### Work instruction
Exactly as written, output the lines below starting from the first and ending with the line that contains "PIP® 302-0702-LY/L Safety"; omit pictures.

### Recorded information

────────

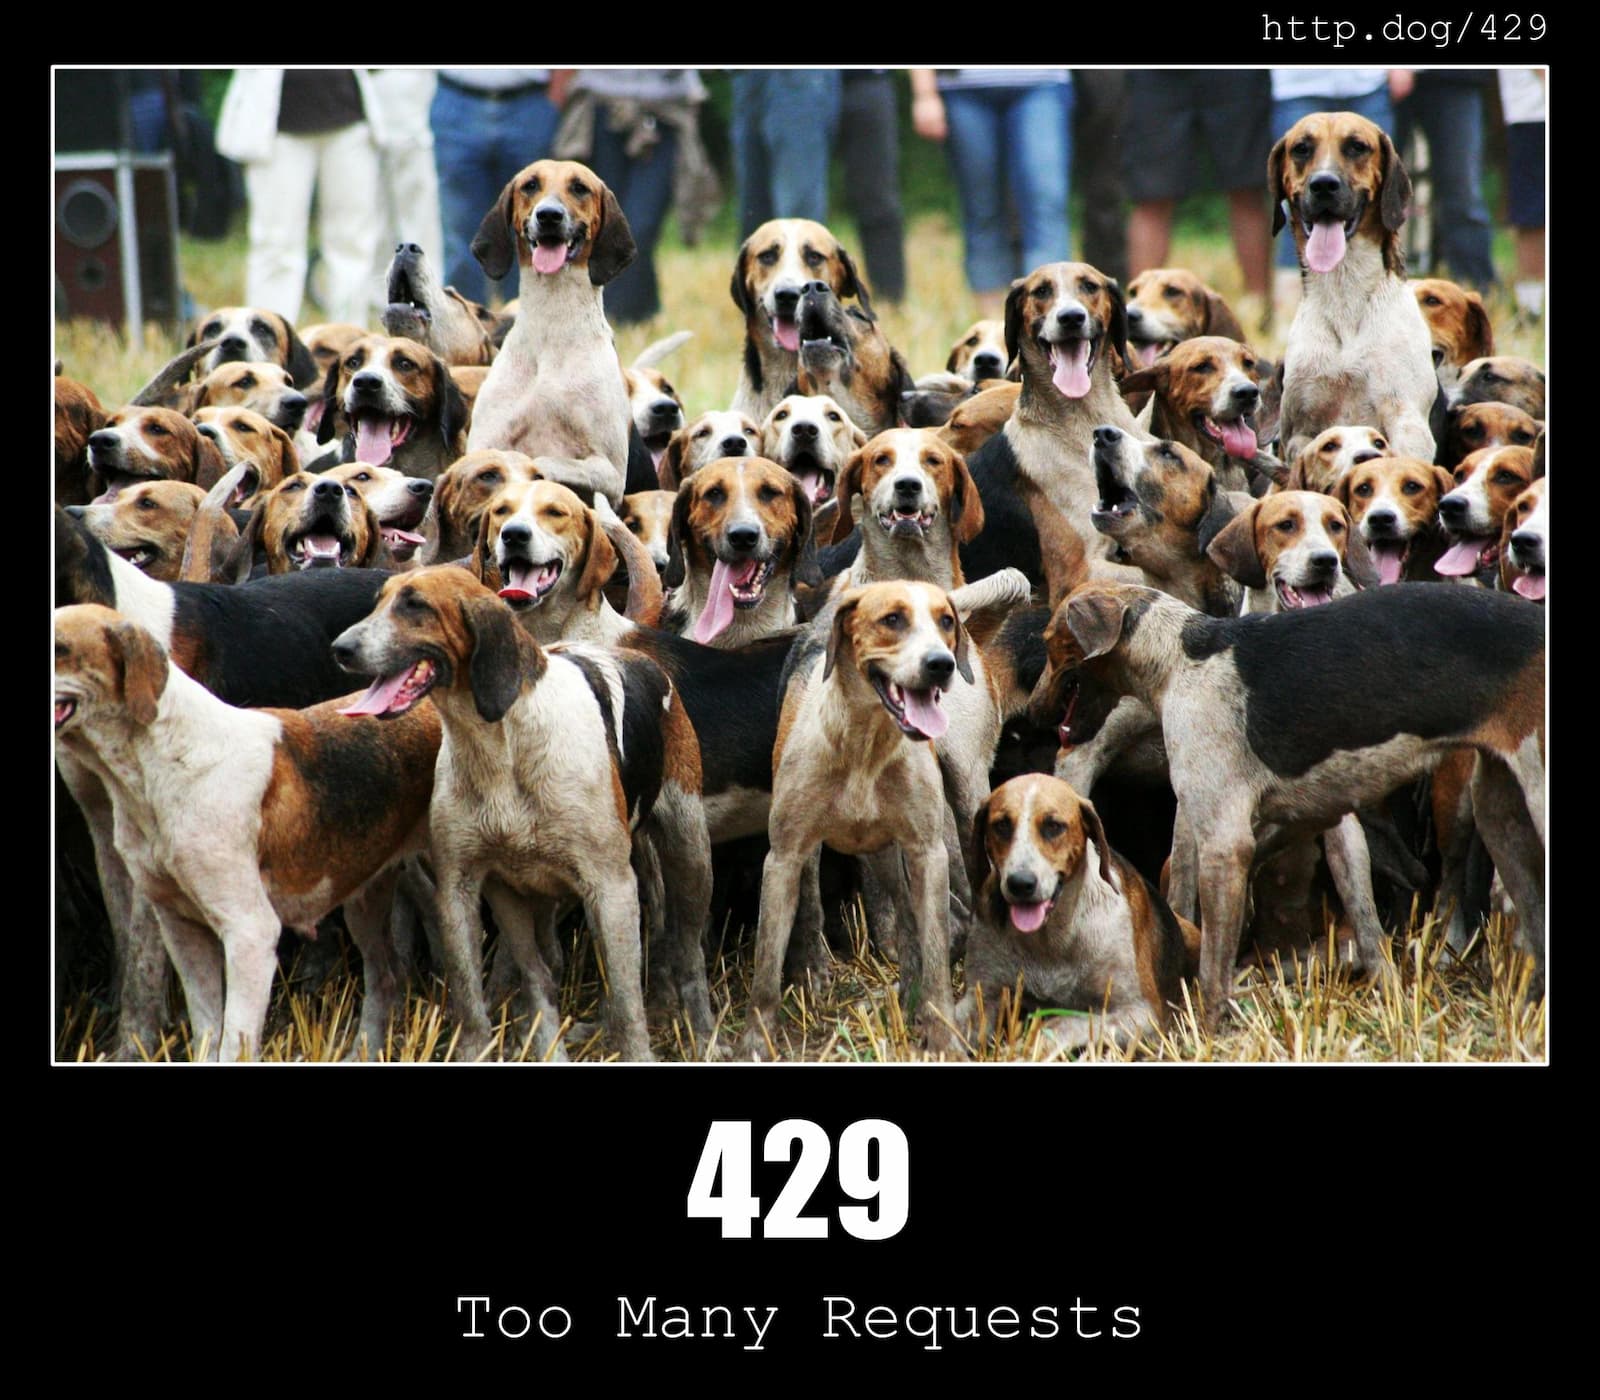 429 Too Many Requests - HTTP status code and dogs!
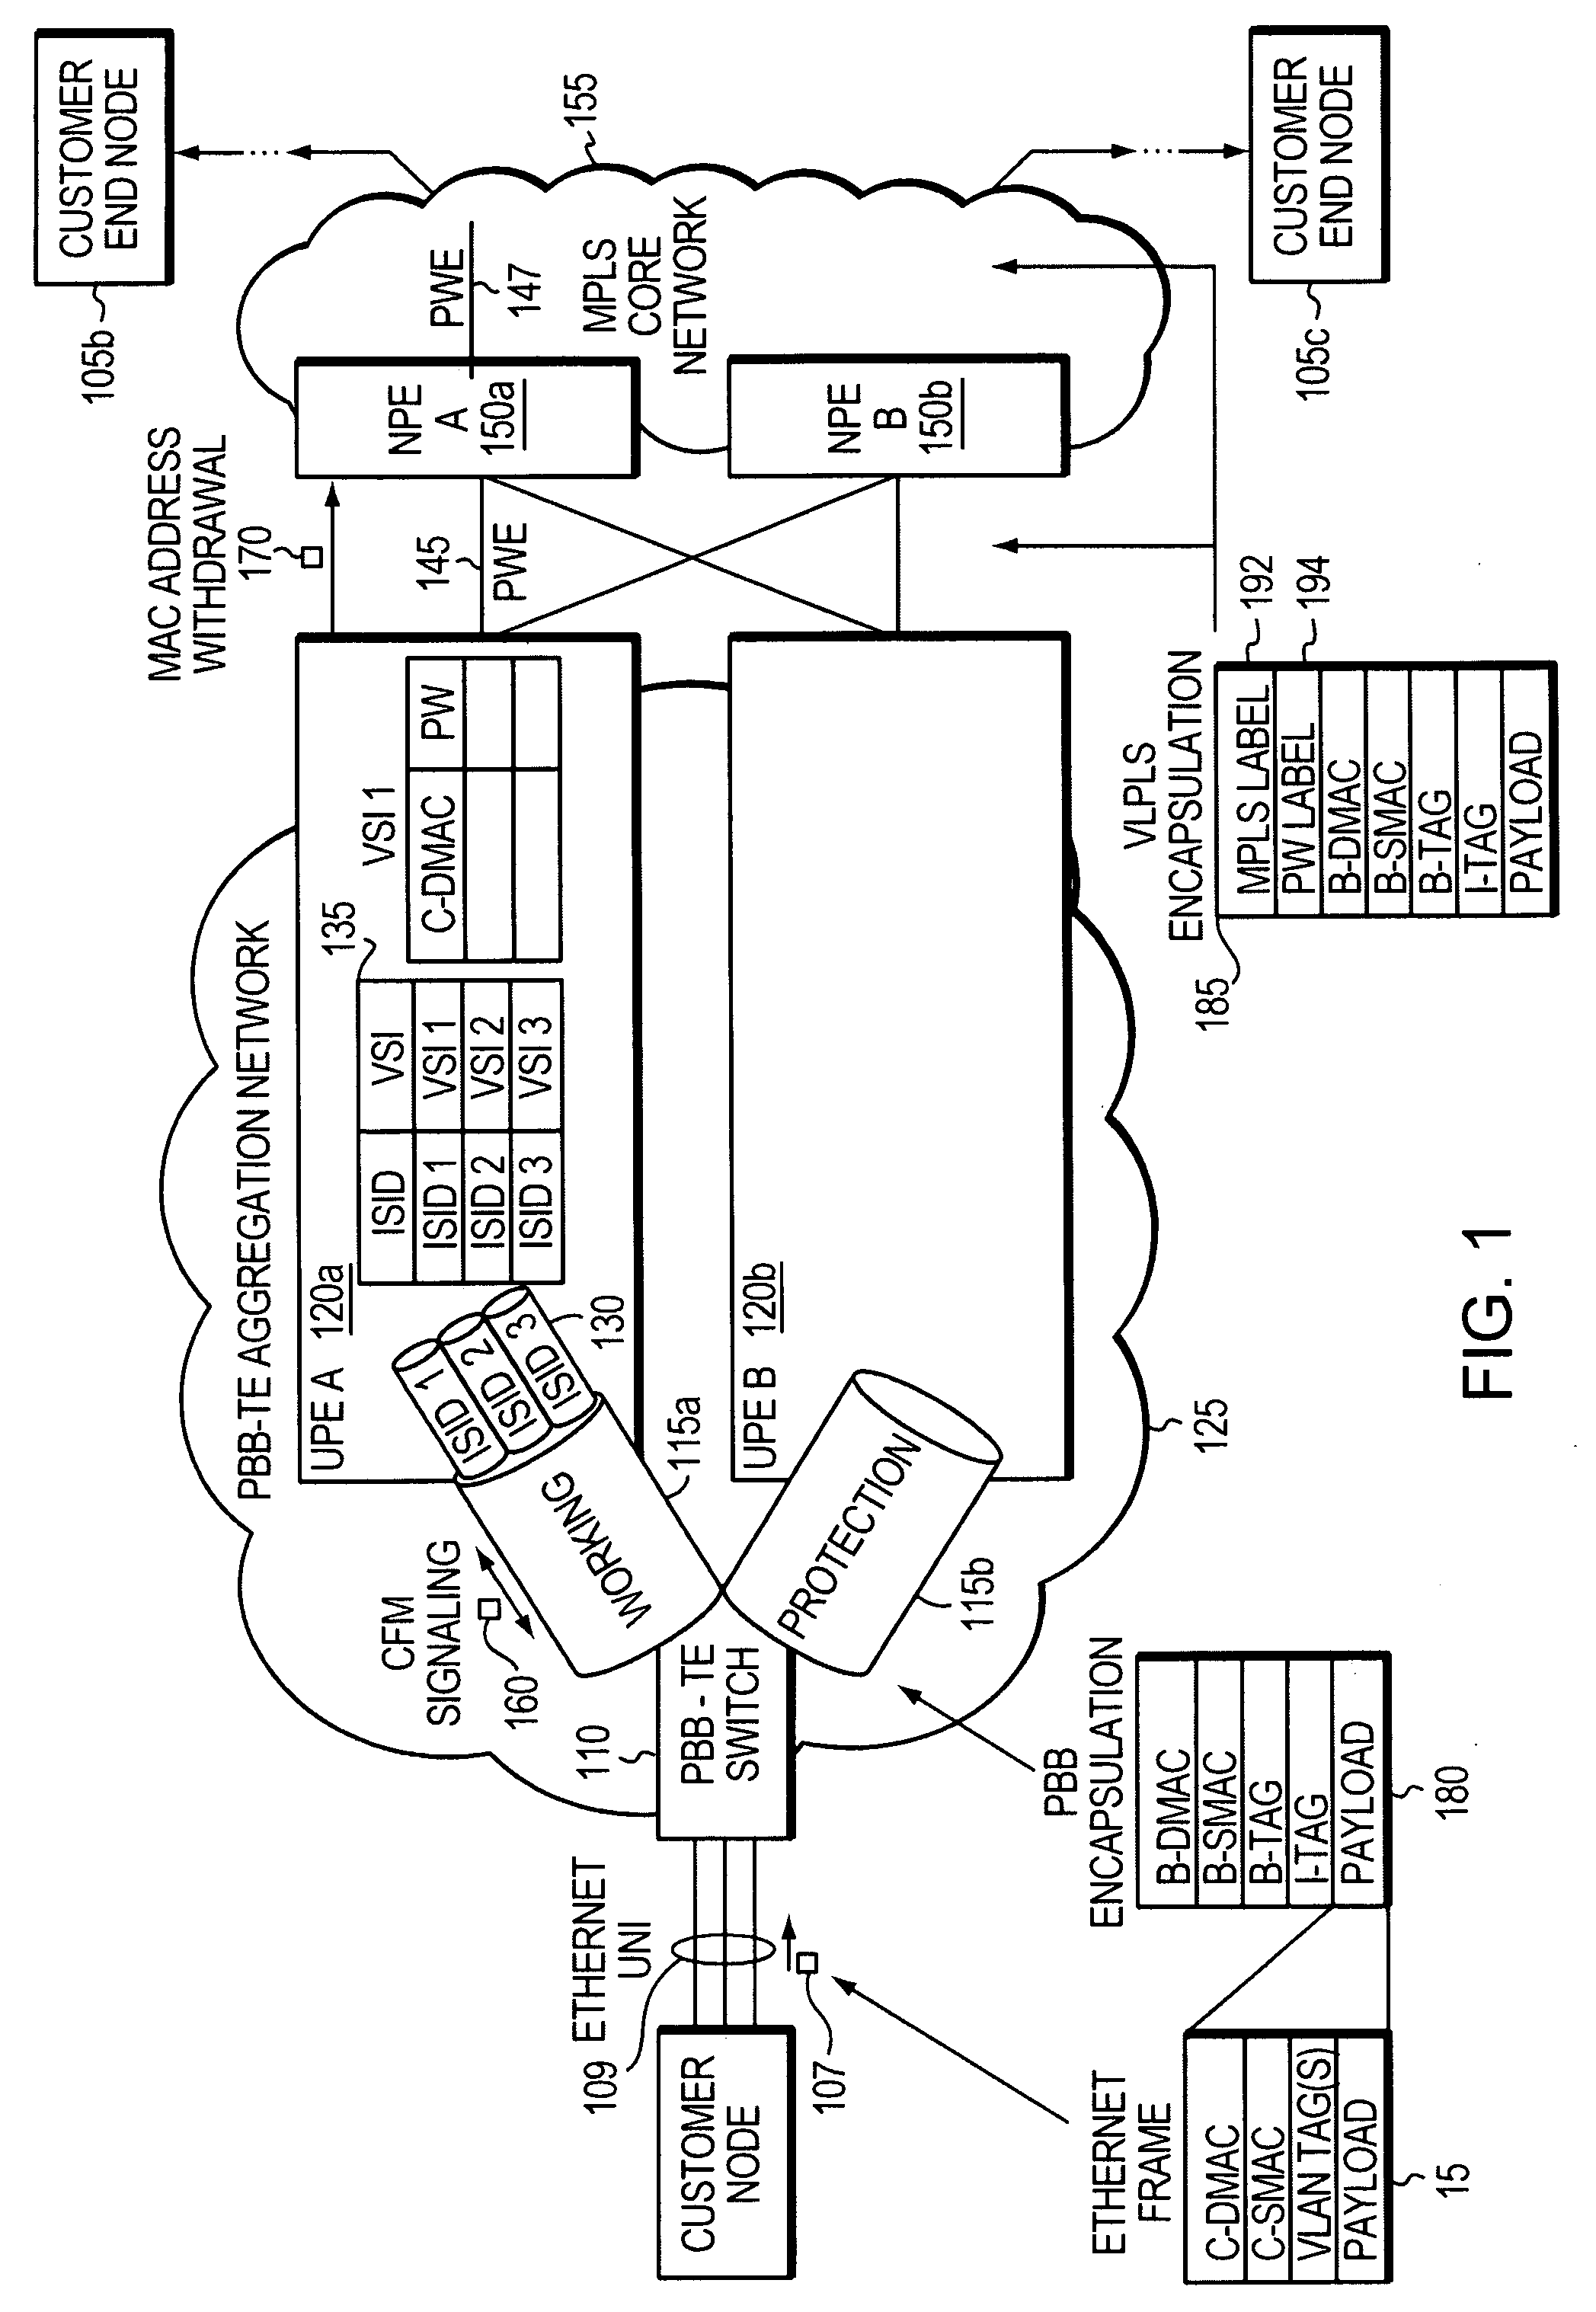 Method and apparatus for supporting network communications using point-to-point and point-to-multipoint protocols
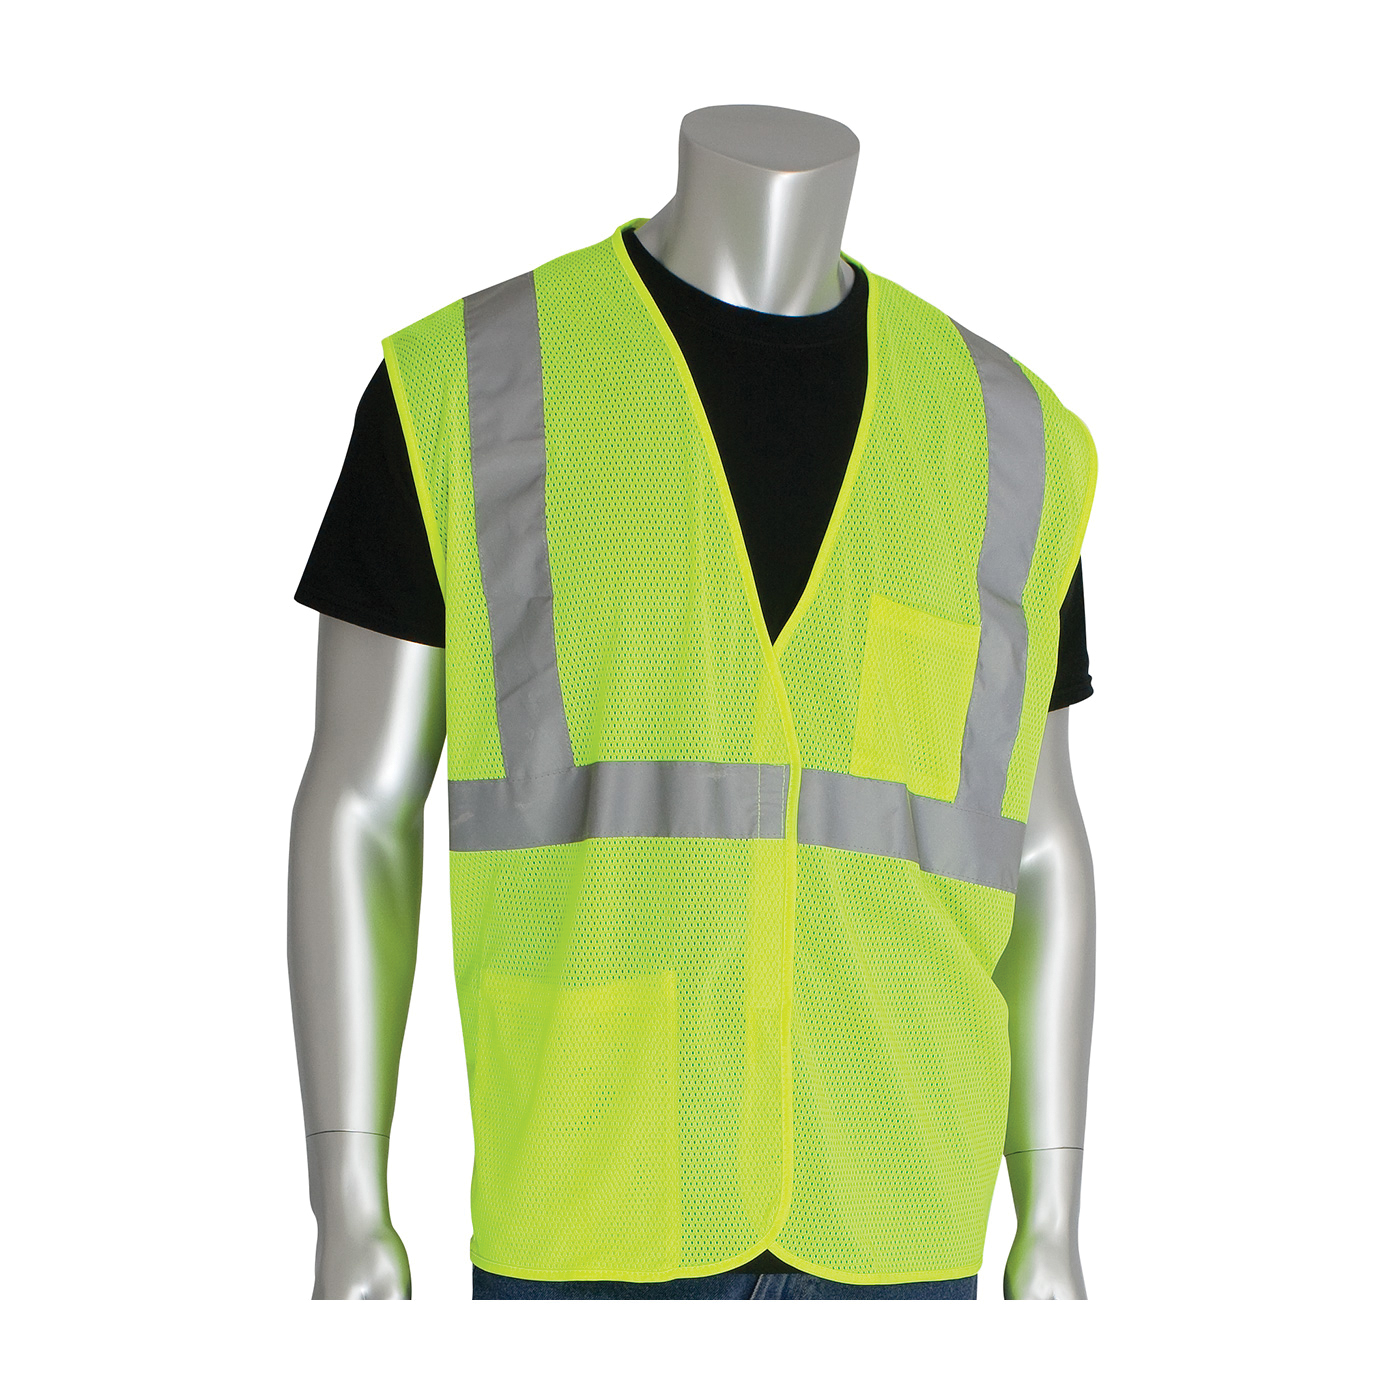 PIP® 302-0702-LY/L Safety Vest, L, Hi-Viz Lime Yellow, Polyester Mesh, Hook and Loop Closure, 2 Pockets, ANSI Class: Class 2, Specifications Met: ANSI 107 Type R
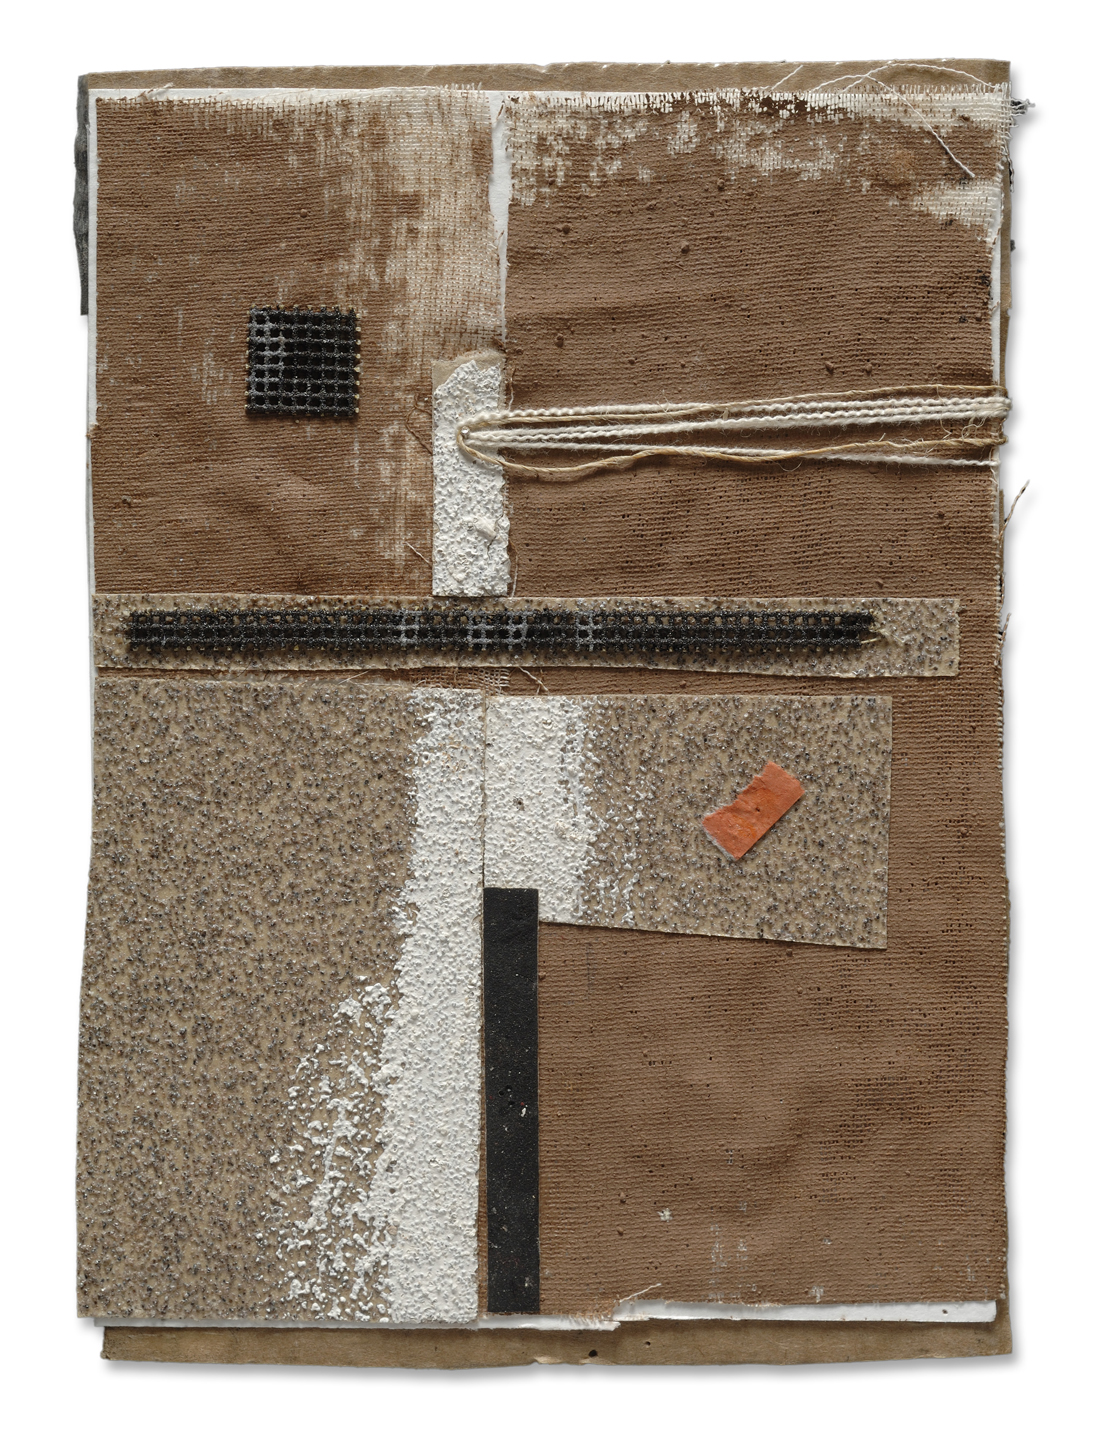 UNTITLED (TR671), 2015 canvas thread, cotton, hemp thread, cheese cloth, porcelain, black slip, oil pastel, metal pin, sand paper, paper, dry wall screen on corrugated board, 7 x 5 inches

────────

### Result of this exercise
 429 Too Many Requests - HTTP status code and dogs!
 Method and apparatus for supporting network communications using point-to-point and point-to-multipoint protocols
 PIP® 302-0702-LY/L Safety Vest, L, Hi-Viz Lime Yellow, Polyester Mesh, Hook and Loop Closure, 2 Pockets, ANSI Class: Class 2, Specifications Met: ANSI 107 Type R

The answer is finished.